With Humphrey Bogart, Walter Brennan, Lauren Bacall.
US, 1944, 35mm, black & white, 100 min.
Print source: Warner Bros.

Rarely has Hollywood produced a male-female duo with more chemistry than Humphrey Bogart and Lauren Bacall, and To Have and Have Not, their first collaboration and Bacall’s onscreen debut, ranks among their most electric. The film, based on an undistinguished Ernest Hemingway novel whose complicated black-market plotting is thoroughly streamlined by Hawks in favor of character exploration, is defined by long, simmering sequences of flirtation between its two stars, who command a series of cramped two shots with an ongoing dynamic of physical intimacy, innuendo and battles of wit. Bogart is a charter ship owner in Vichy-occupied Martinique and Bacall is the singing American tourist who catches his eye from across the boat’s swarming cabaret.

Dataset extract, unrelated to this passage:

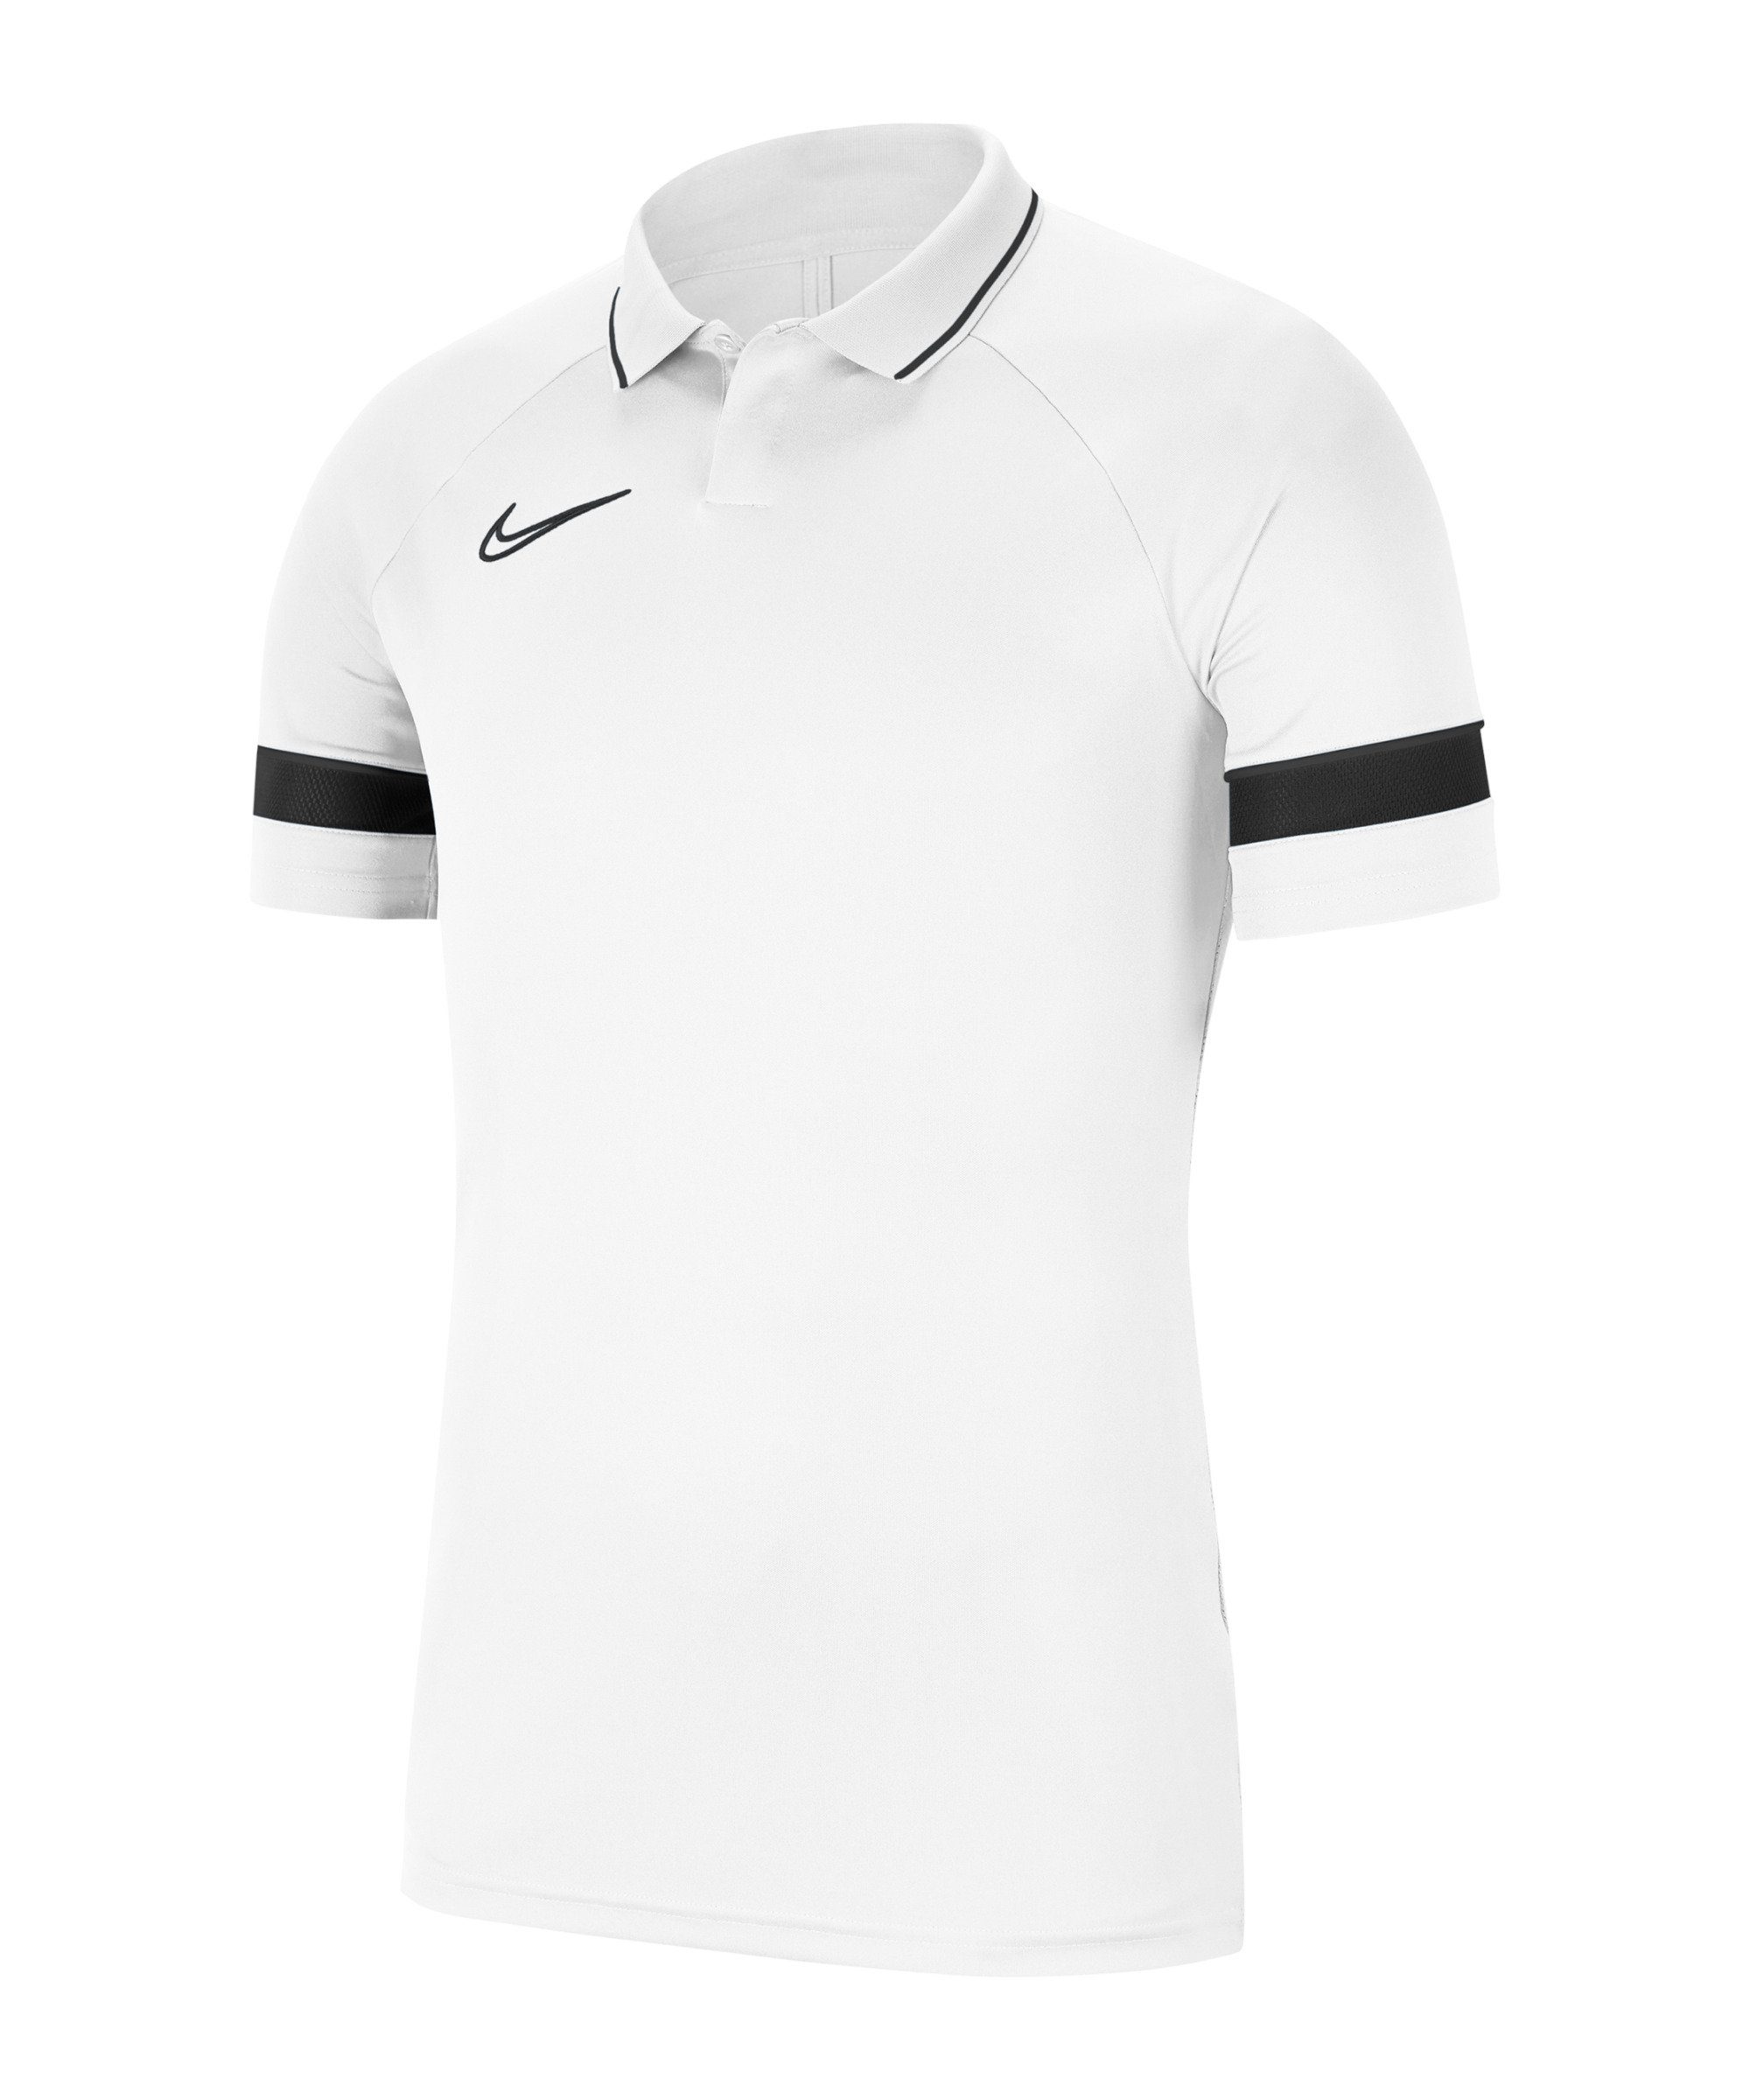 Academy 21 T-Shirt default Poloshirt weissschwarz Nike

Both become embroiled in a fiasco involving French Resistance money and pesky Vichy policemen, but all of this is window dressing. To Have and Have Not is first and foremost one of Hawks’ most atmospherically distinctive films, conjuring in a studio backlot a dance of delicate and exotic energies, from Bacall’s sensuous whisper and Bogart’s wafting cigarette smoke to the humid island breezes and clammy air of secrecy.